# What story tells it best



## Shogun (Jan 18, 2008)

hey everyone,
I have a question, see I want to explain feederism moreso to some people and what wg fiction do you think is the best one to explain that feederism without making it look exploitive or insane like so many articles, documentaries etc. have done. One that shows the mutual pleasure that comes of it.

-B


----------



## franchescassbbw (Jan 18, 2008)

Shogun said:


> hey everyone,
> I have a question, see I want to explain feederism moreso to some people and what wg fiction do you think is the best one to explain that feederism without making it look exploitive or insane like so many articles, documentaries etc. have done. One that shows the mutual pleasure that comes of it.
> 
> -B


You have to make a thread about this in "Erotic Weight Gain". Subject cannot be talked about anywhere but in there.


----------



## love dubh (Jan 18, 2008)

You're not a mod. Don't dictate his actions.


----------



## SoVerySoft (Jan 18, 2008)

I'm moving this to the story readers forum - I think that's the best place to get a response.


----------



## AnnMarie (Jan 18, 2008)

franchescassbbw said:


> You have to make a thread about this in "Erotic Weight Gain". Subject cannot be talked about anywhere but in there.



That's not true. 

The issue can be discussed on the Weight board, in either place, but not in Fat Sexuality. 

As Randi said, the post is best served in the story reader's forum. 

The Erotic Weight Gain is a forum for people who want to use it and it's separate so they can discuss topics without so much negativity directed back, it is not a place where topics are sent or segregated "to" - hopefully that makes sense. It's not a "you must stay here!" area, it's a "please use this with comfort if you'd like" area.

And as Dubh said, we will correct posters if/when they require it. Thank you. 

/moderator


----------



## Observer (Jan 19, 2008)

Actually the Library has a Special Interest archive forum with numerous stories involving feederism. 

An additional well written story explaining it would be most welcome. Simply post it initially to the Recent Additions forum; just recognize that it will eventually be transferred to the special interests archive. 

If you are not familiar with our editorial guidelines I would suggest reviewing them They they can be found via the sticky at the top of the Recent Additions Forum.

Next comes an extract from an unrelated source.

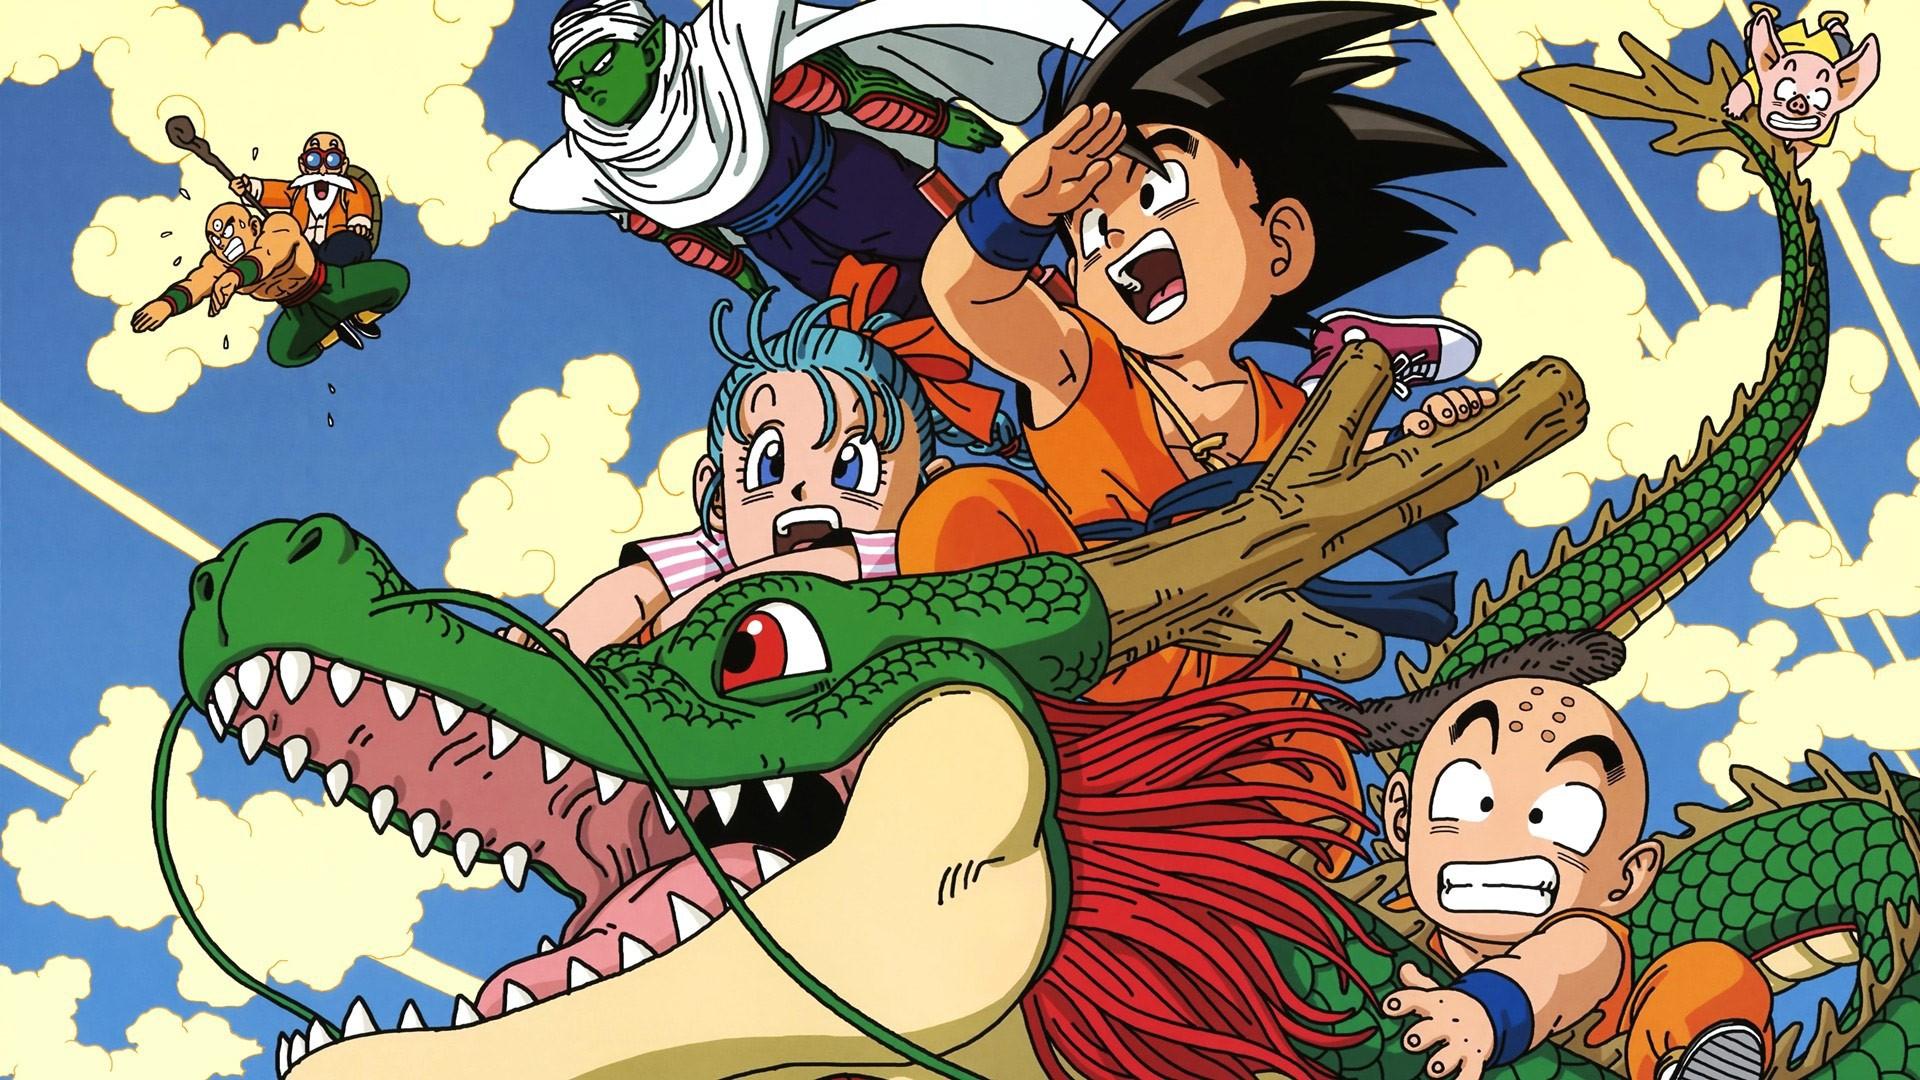 Liste Des Épisodes De Dragon Ball / Dbz / Db Gt / Kai destiné Dessin Animé De Dragon Ball Z

* --- Observer, Dimensions Library Curator and Moderator *


----------



## Risible (Jan 20, 2008)

Shogun said:


> hey everyone,
> I have a question, see I want to explain feederism moreso to some people and* what wg fiction do you think is the best one to explain *that feederism without making it look exploitive or insane like so many articles, documentaries etc. have done. One that shows the mutual pleasure that comes of it.
> 
> -B



Bolded for emphasis.

Shogun is asking for examples of WG fiction to perhaps supplement and illustrate his own explanation of feederism. His post is appropriate here in the Library; thanks, Randi, for moving it.

Shogun, may I direct you to this story. Short, sweet, and suitable for all but tender, underage ears. :bow:

Risible
Library Moderator


----------



## Rebel (Jan 21, 2008)

Man, I am glad that somebody finally set about answering Shogun's question. For a minute I thought this was going to a replay of submitting the required forms to rescue a Vogon's grandmother from Ravenous Bug Bladdered Beast of Traal!

And I'm sorry Shogun, but I can't remember any stories that really do what you're asking about. Even the best of the ones I can bring to mind require that the audience already understand the beauty of feeding. I'll look again, though.


----------



## WildFox500 (Feb 3, 2008)

(sentance deleted due to reference to deleted post)

As far as the topic at hand, I'd search Wilson Barber's section for something that might fit your needs. He's one of the best writers I've seen, in the FA community and otherwise.


----------